Heajin (Hailie) Kim (Photo: Instagram @nyc_photographer_nikita)

March 30, 2021 Op-Ed By Hailie Kim

There was a distinct sinking and roiling in my stomach.  

“Are you a prostitute?” a man asked.  I was 17 at the time. I was not, in fact, a prostitute. I was and am, however, clearly an East Asian woman. 

This question: “are you a prostitute?” is one that made it so that between the ages of 18 and 22, I never wore a v-neck top. 

Even my prom dress went up to my neck. It was, or so I thought, very clearly my fault. Maybe if I hadn’t worn a v-neck shirt, a man wouldn’t have stalked me to my middle school when I was 13, driving alongside me and insisting that I get in his car. Maybe if I hadn’t worn a v-neck sweater, a man wouldn’t have followed me back home from school across the 39th Street bridge and grabbed at my chest when I was 17. 

This kind of fetishization and sexualization of Asian women was a clear factor in the murder of six Asian women in Atlanta. 

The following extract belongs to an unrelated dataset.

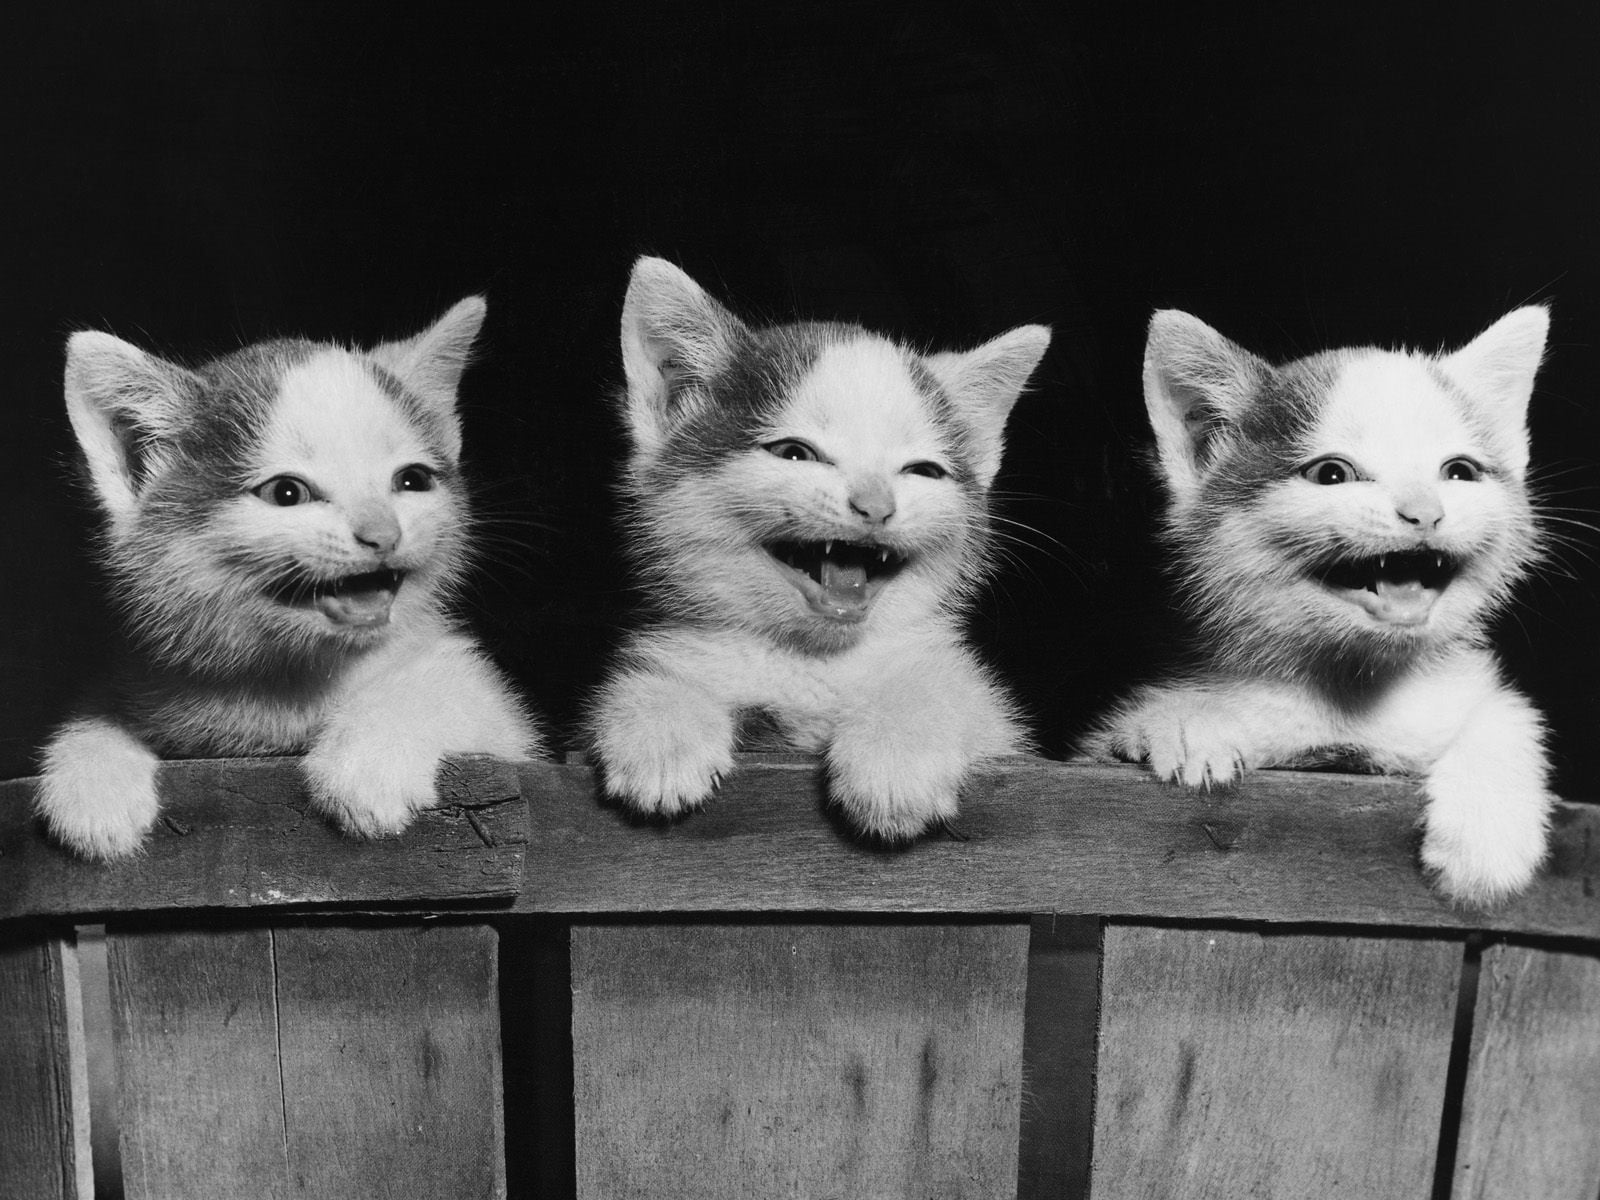 three long-fur kittens on wooden fence

The murderer himself confessed to targeting Asian women because they were “temptations” for his sex addiction. This sexualization of Asian women has historically been tied to xenophobia, with Chinese women being barred entry from the United States in the 19th century, suspected of being prostitutes. 

There have, of course, been other historic forms of violence against Asians from the Japanese internment camps here in the US, to the deportation of Koreans from Russia to Central Asia and other Soviet satellite states in the 1930s. 

The words used to sexualize Asian women include “exotic” and “submissive.”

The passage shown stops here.